En témoignent les élans de solidarité visible partout ces derniers jours, ceux de ses maison de couture mais aussi ceux présents dans tous les immeubles et tous les villages, les cours de méditations et de yoga gratuits comme ceux de Lili Barbery Coulon qui réunissent jusqu’à 10 000 personnes par soir, ou les applaudissements a nos fenêtres en soutien au personnel soignant.

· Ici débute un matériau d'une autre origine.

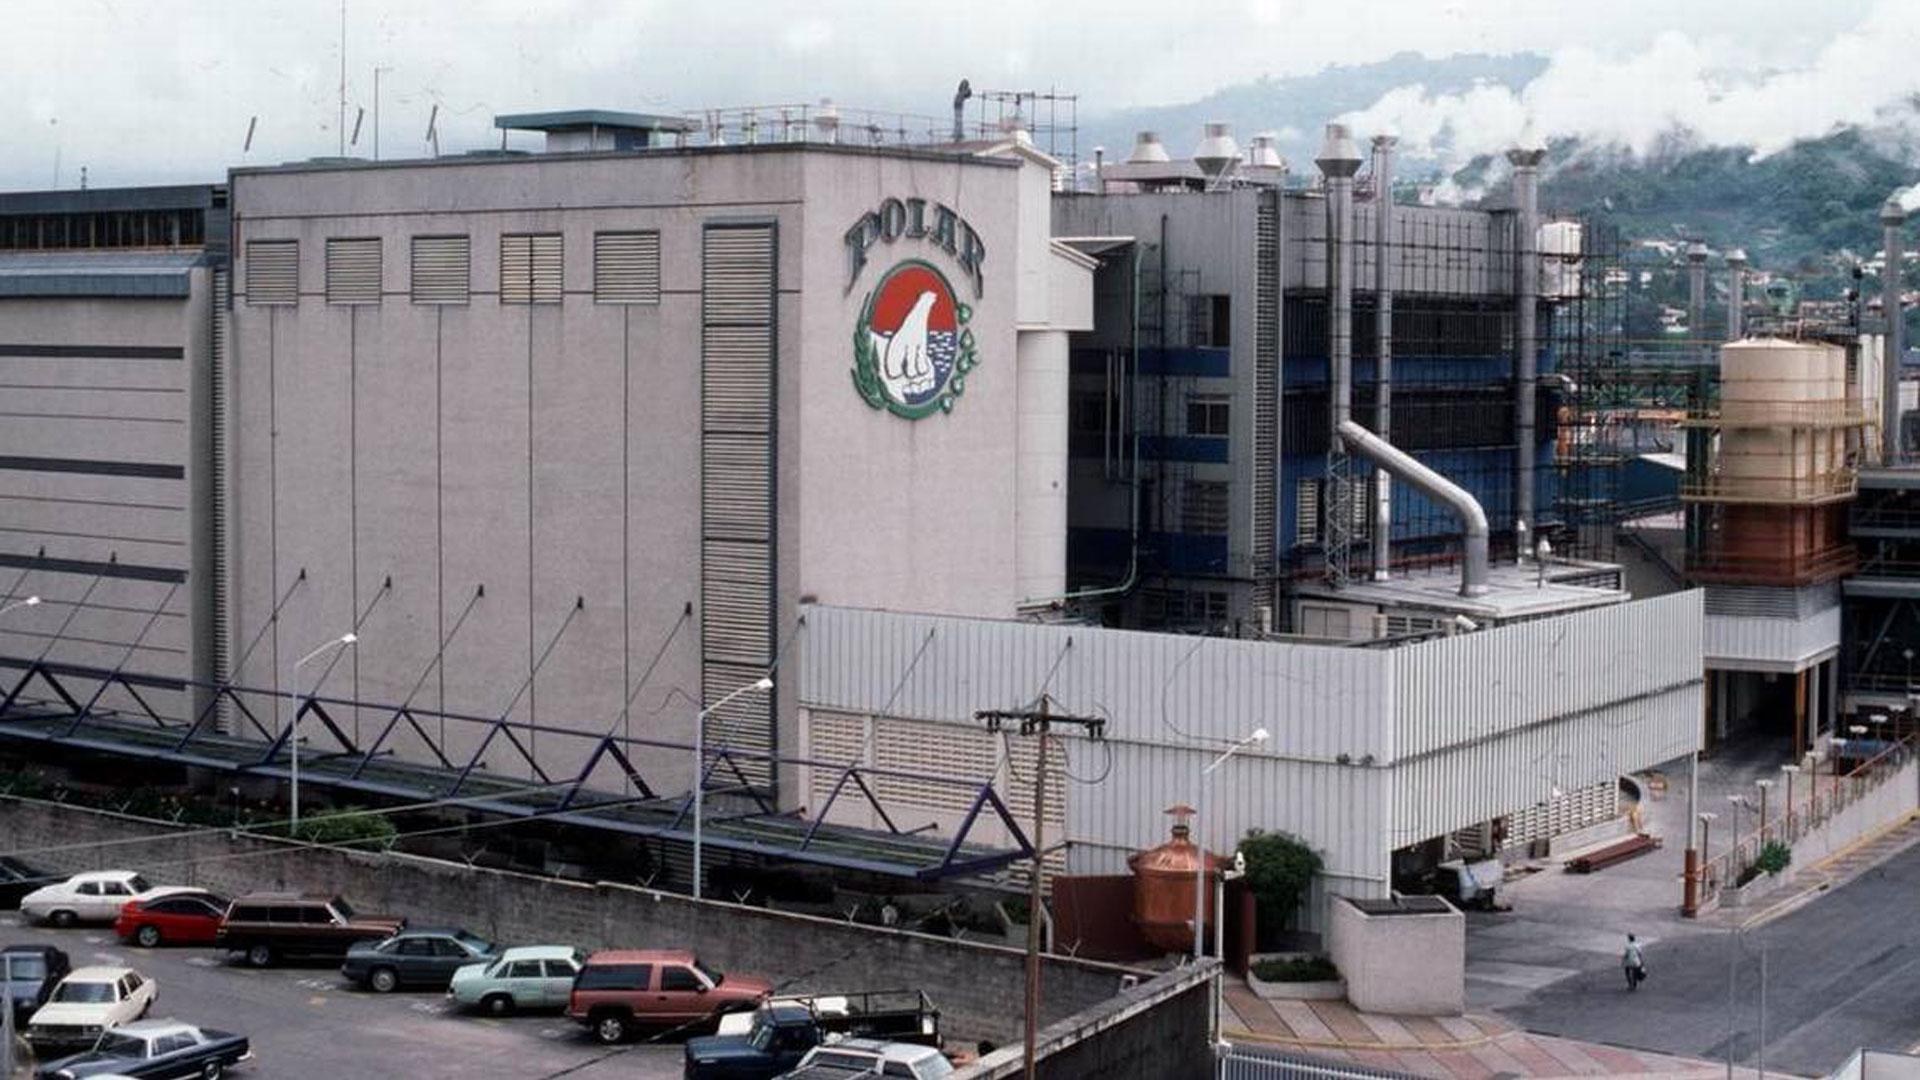 Polar detectó casos de covid-19 en empresa de seguridad asociada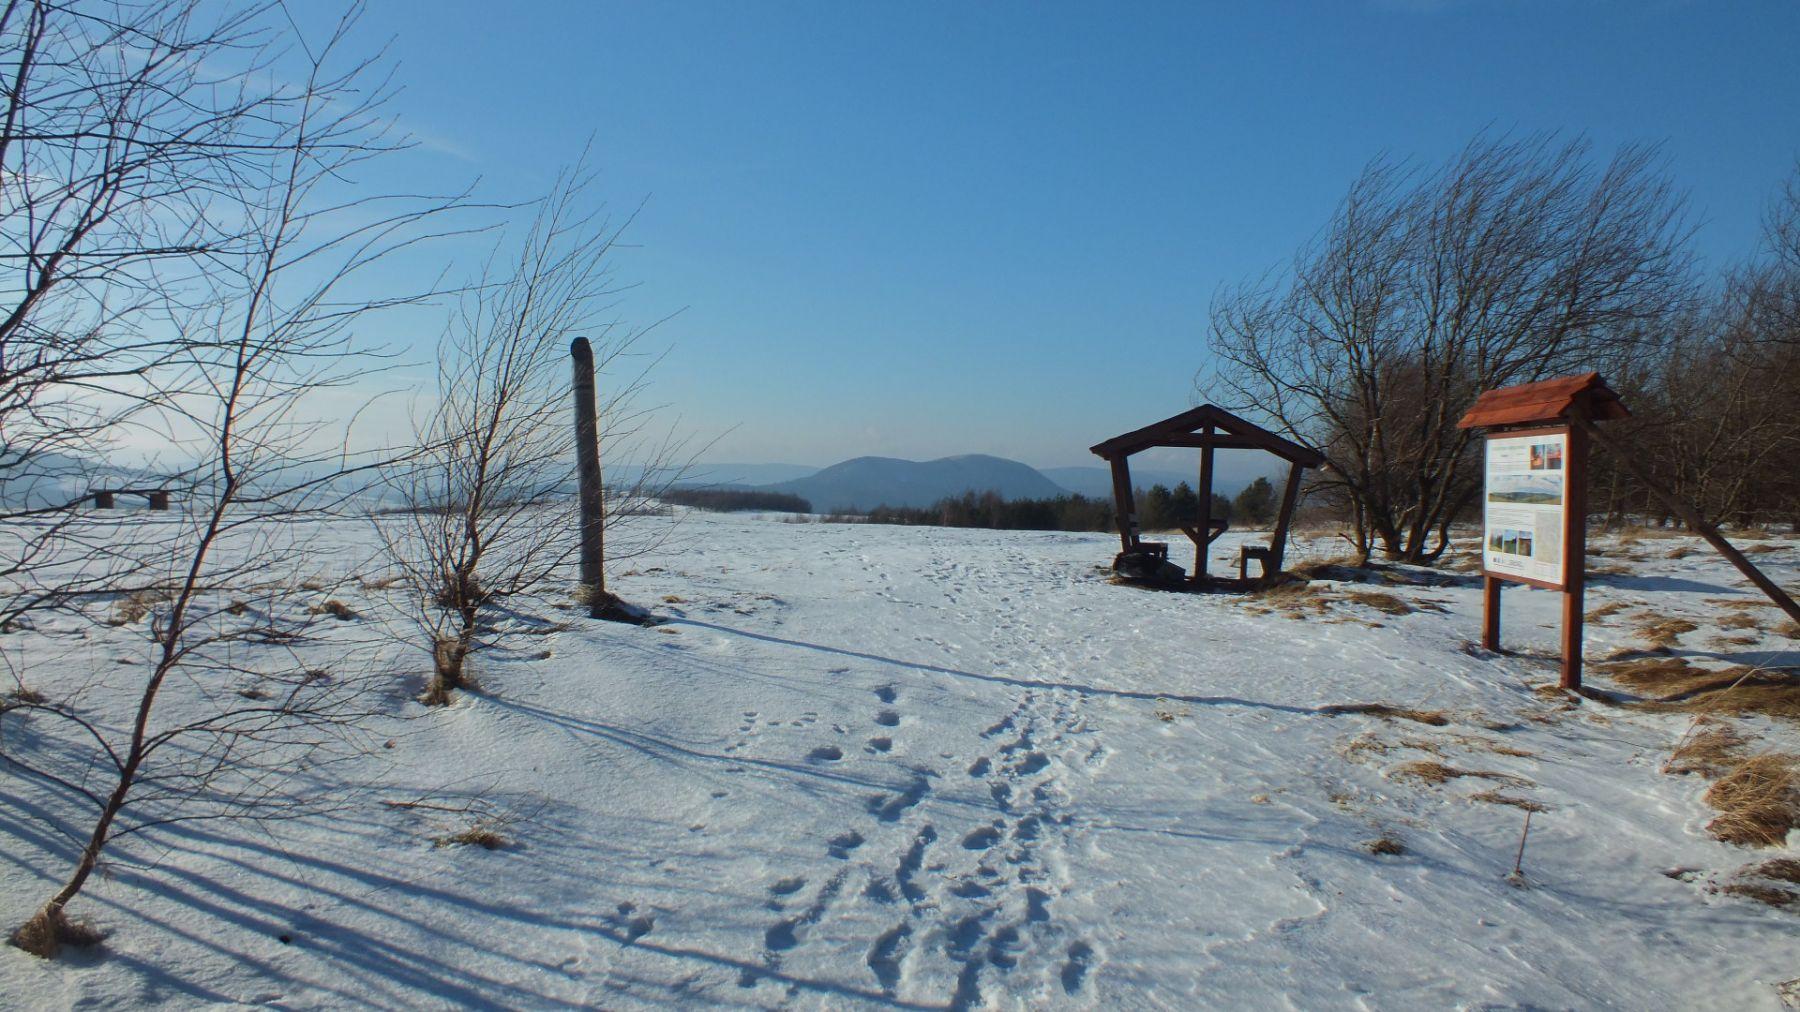 Przymiarki Zima 8

Laissons tomber nos masques d’indifférence, de rivalité, d’angoisse et de tristesse et enfilons nos masques d’amour, de bienveillance, de compassion et de joie.
« A l’avenir, pour que les résultats soient bons, il faudra qu’ils soient beaux. Le futur comme le présent sont à réinventer. »
(…) Il ne sera pas tant question de style, et de renouvellement esthétique que de dignité. (…). Seule une philosophie de pensée qui mettra au cœur le choix durable en gouvernance permettra à la mode de nouveaux apogées. »[3]
***
[1] Olivier Saillard, « La mode sous l’autorité des décennies, les années 2000 », Le Bouquin de la Mode, Robert Laffont, septembre 2019, p. 292.
[2] Olivier Saillard, « La mode sous l’autorité des décennies, les années 2000 », Le Bouquin de la Mode, Robert Laffont, septembre 2019, p. 296.
[3] Olivier Saillard, « La mode sous l’autorité des décennies, les années 2010 », Le Bouquin de la Mode, Robert Laffont, septembre 2019, p. 307.
Illustration: Peinture de Didier Vachet inspirée de la couverture du Vogue Paris de septembre 1929 par Eduardo Benito.